Viventium's voice surface is built around the Voice Gateway so spoken turns can use the standard Viventium agent pipeline. The goal is not a separate "voice bot." The goal is the same assistant, same continuity, and same follow-through in a real-time spoken surface.
What users should notice:
- Natural interruption - you can interrupt mid-sentence like a real conversation
- Shared continuity - voice can use the same memory, background agents, and context story as chat
- Provider choice - local and hosted speech routes are explicit choices
- Speech-safe output - the voice layer strips or cleans raw URLs, markdown links, citations, code fences, tables, unknown tags, and punctuation fragments before they become spoken audio
- Provider-aware expression - expressive markers are kept only for providers that support them
Voice can run fully local when both speech-to-text and text-to-speech use local routes such as Whisper.cpp and Chatterbox. Hosted providers such as Cartesia, xAI, ElevenLabs, OpenAI, or AssemblyAI are explicit provider choices; when selected, the relevant audio or text goes to that provider.
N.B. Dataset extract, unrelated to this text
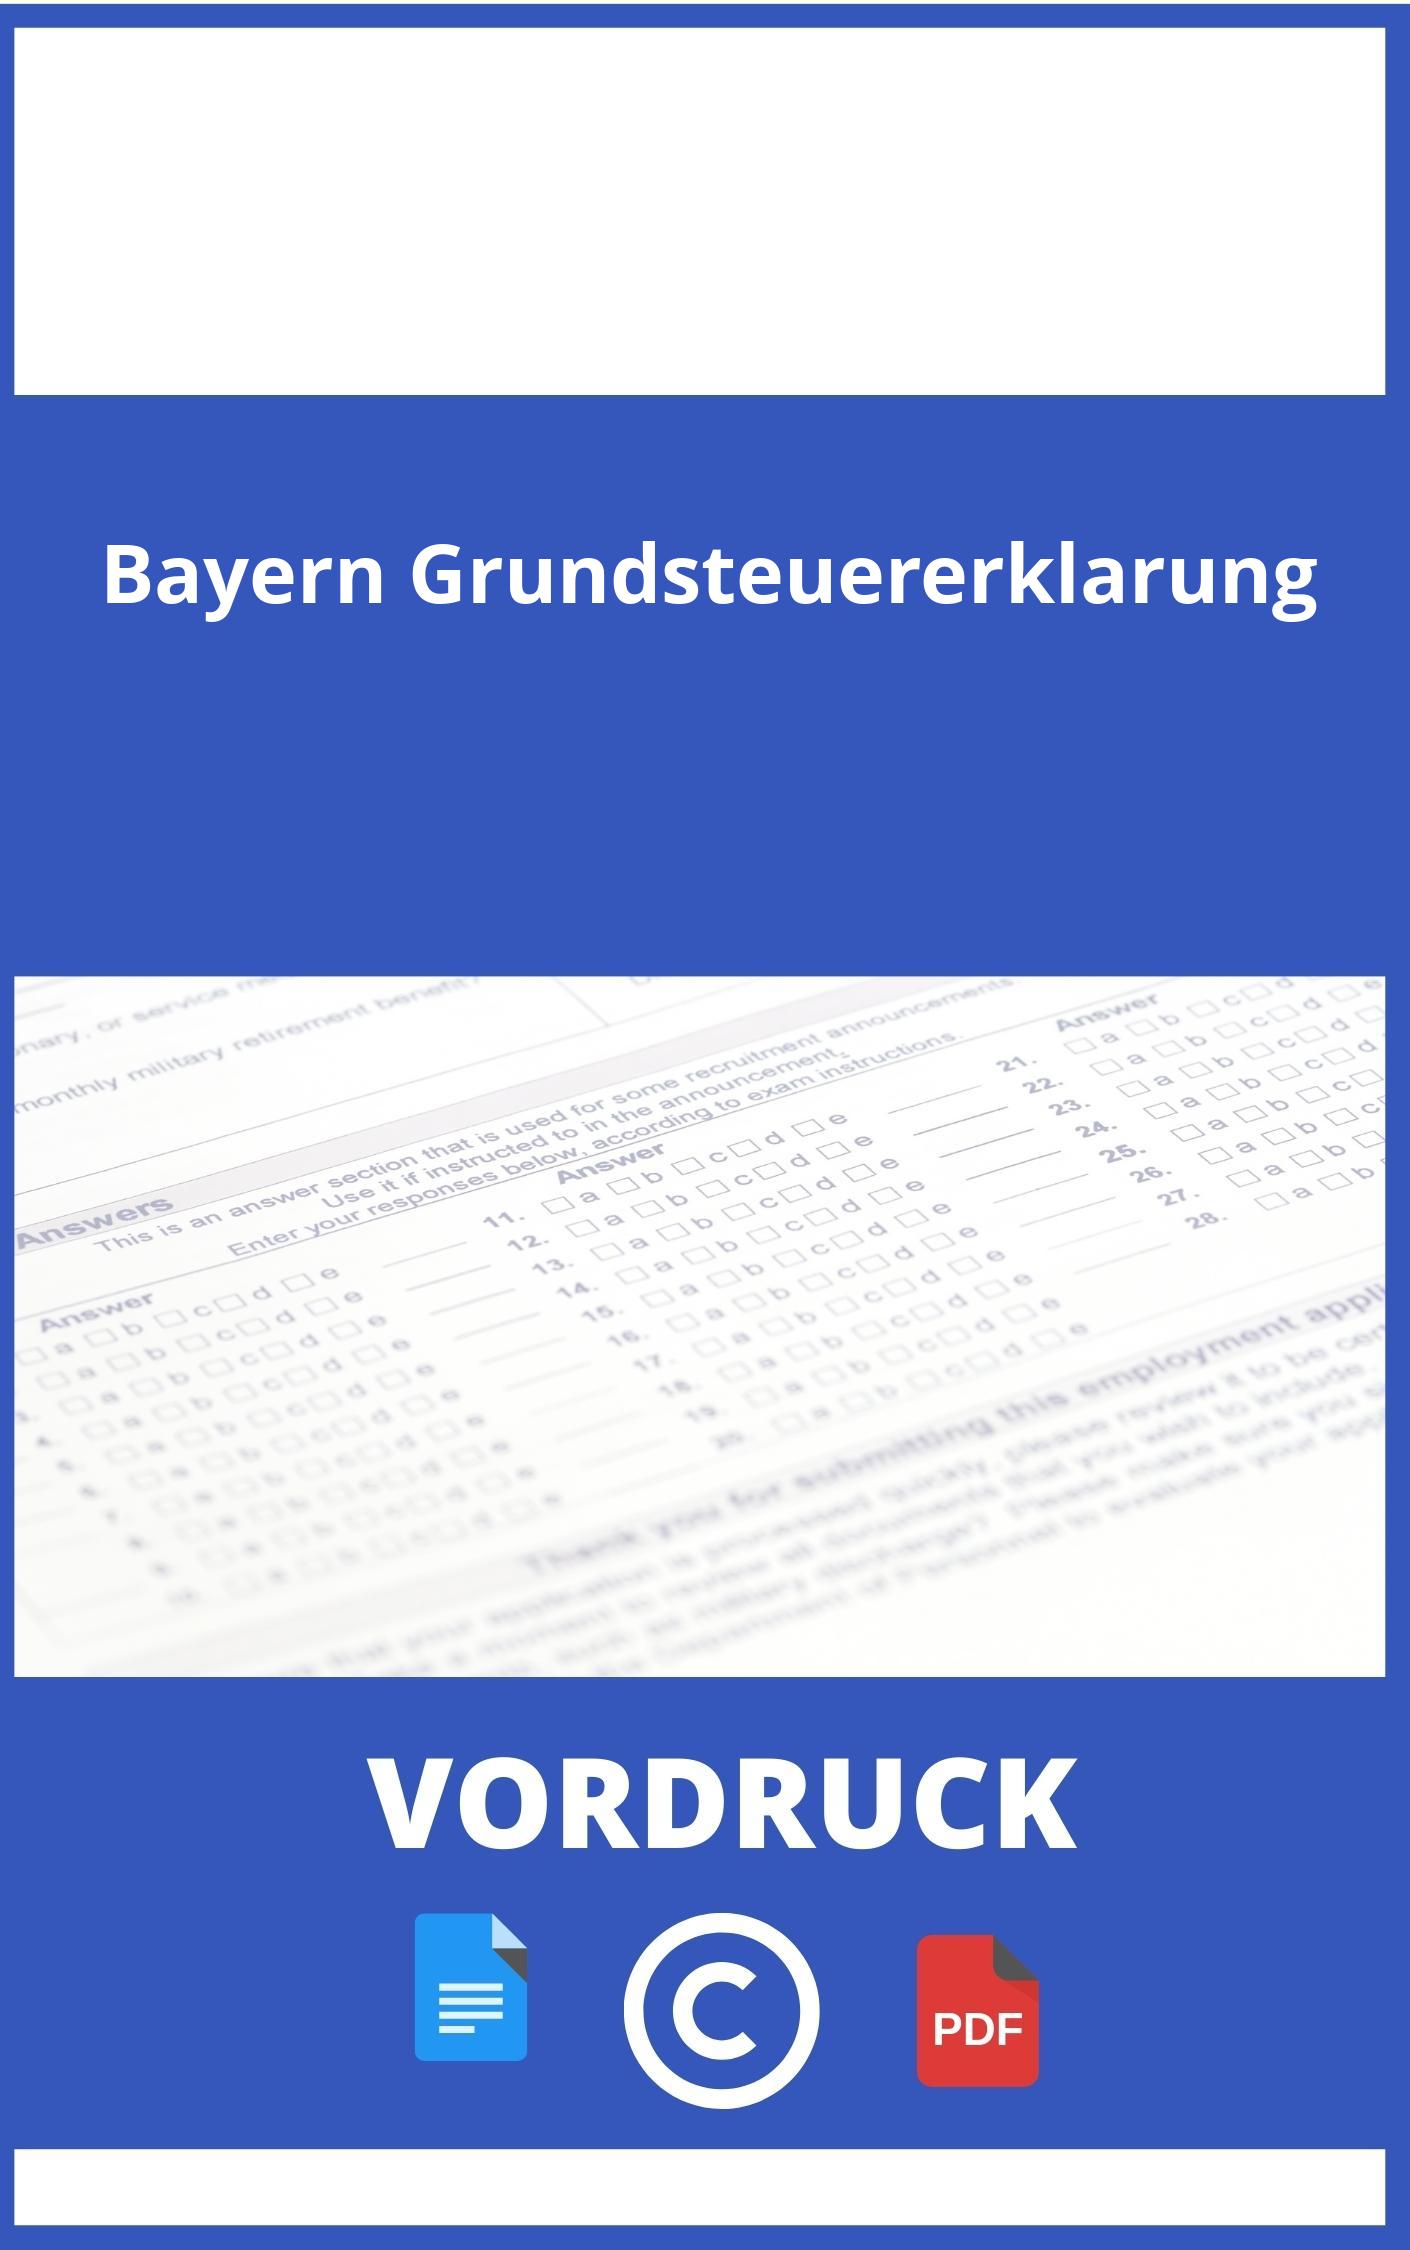 Bayern Grundsteuererklärung Vordruck

For builders: the current implementation uses a real-time media layer under the Voice Gateway, while the chat web app is built on Viventium's web-chat fork. Those implementation names are useful when debugging or contributing, but the user-facing promise is the Viventium voice and chat experience.
Wing Mode
Wing Mode is a live-call companion mode.
It is for situations where you want Viventium present in the voice call, but not constantly talking. The assistant defaults to silence unless it is clearly addressed, genuinely useful, or there is an urgent reason to speak.
In user terms: Wing Mode is the difference between "answer every sound" and "be a thoughtful partner in the room."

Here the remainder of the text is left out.